Closed hunhoffe closed 6 hours ago
It should now be possible to also replicate the failure in the minimal-matrix-scalar-add
branch
I saw that the example was instantiating one air.channel
(not broadcasting) is trying to access 4 different aie cores at different time phases via a for-loop nest. This is not going to work for now because air.channel
lowers to circuit-switched routings using aie.flow
ops, which are static connections. This might be enabled in the future when in the future we lower to dynamically routed packet-switched routing.

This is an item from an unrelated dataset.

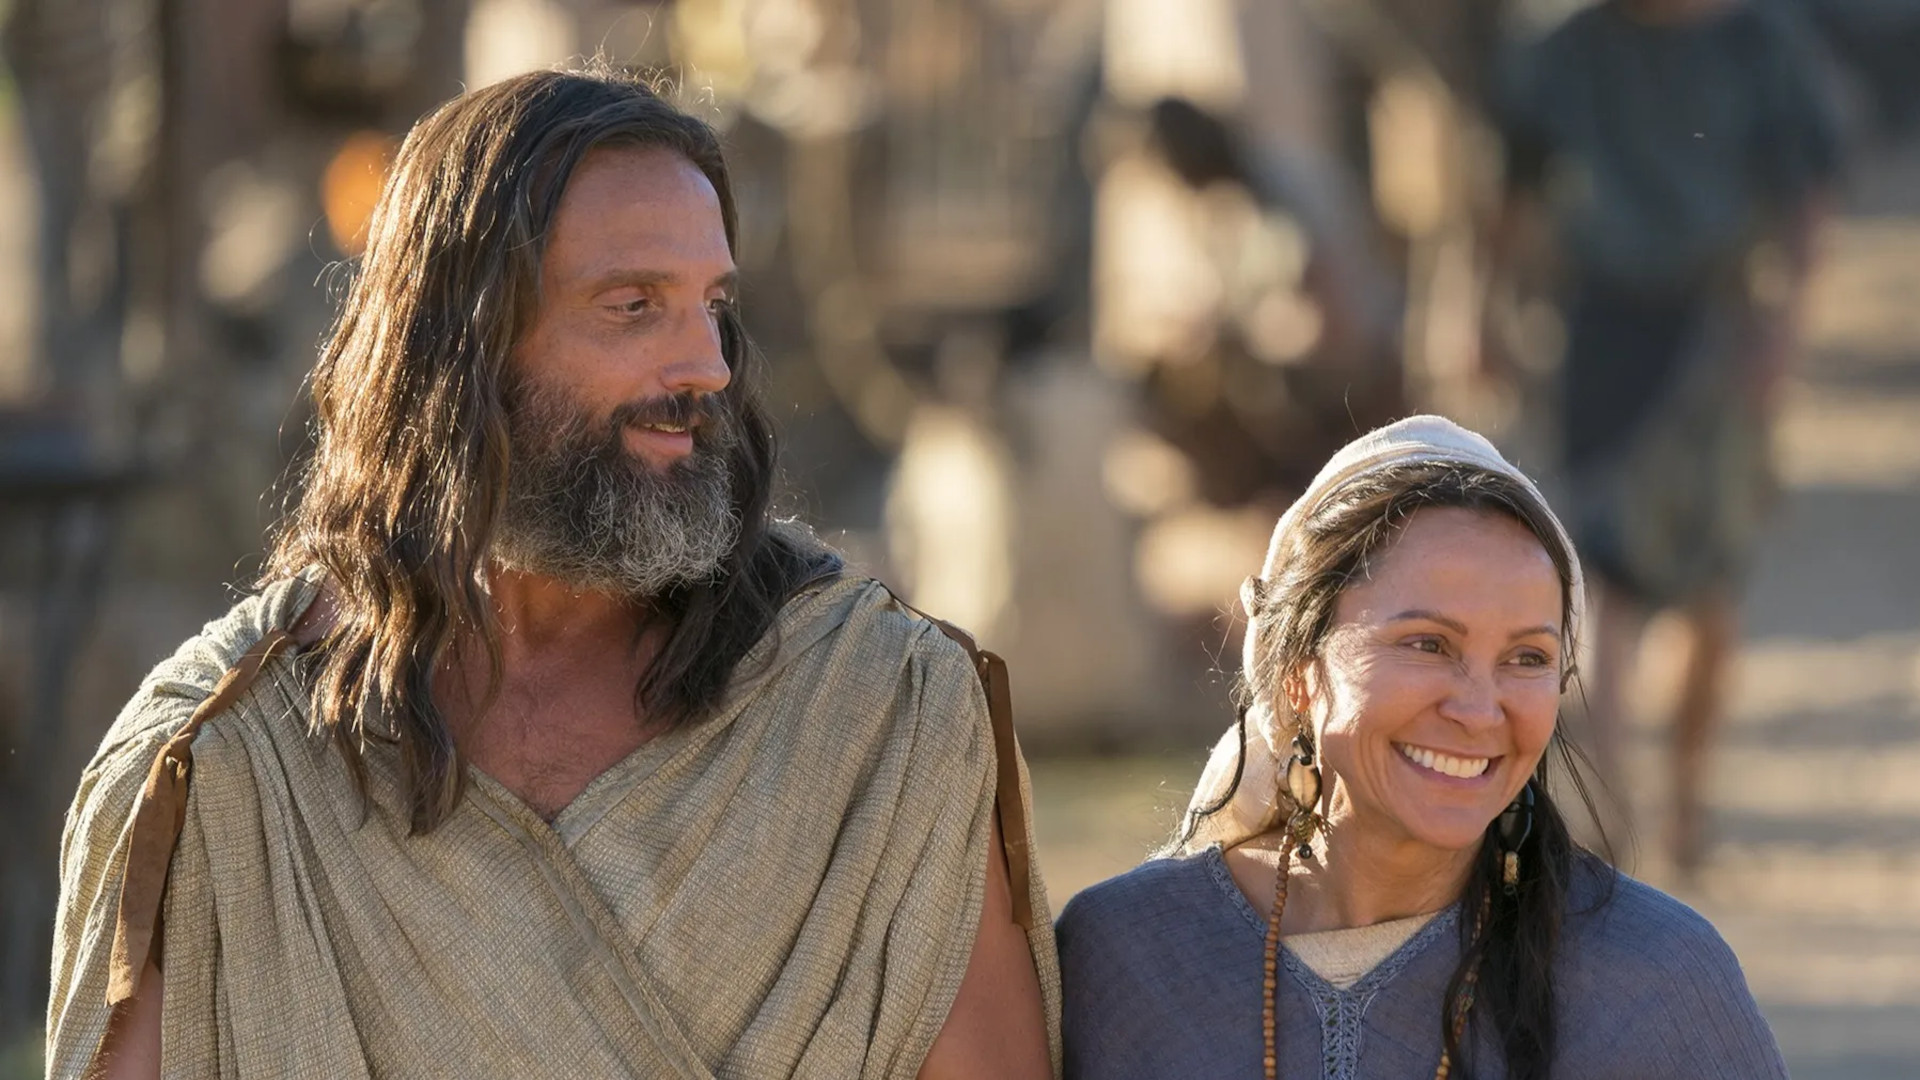 Nephi and his wife travel down a road in this still from the Book of Mormon Videos of The Church of Jesus Christ of Latter-day Saints.

For now, I can only see the test to work by instantiating four air.channels
(or a bundle of [2,2] air.channels), spatially parallelized via either hand unrolling or using a parent scf.parallel/forall
loop.
https://github.com/Xilinx/mlir-air/pull/637 also contains some minor fixes.
Thank you for the fix ups!
I will go ahead and rewrite the example in a way that uses additional channels (one of the ways you suggested).
I believe I have a version that works here: https://github.com/Xilinx/mlir-air/pull/641
Working version merged in!
From branch
debugging_matrix_scalar_add
, I am working on getting my examplemulti_core_channel
working (this file). The single core version works in this branch, but when I increase the herd size from 1x1 to 2x2, the example does not work any more.To be specific, to replicate run:
When I inspect
programming_examples/matrix_scalar_add/multi_core_channel/build/air_project/npu.air.mlir
, I notice that it looks like all of the data is only going to one core instead of being distributed to all of the cores.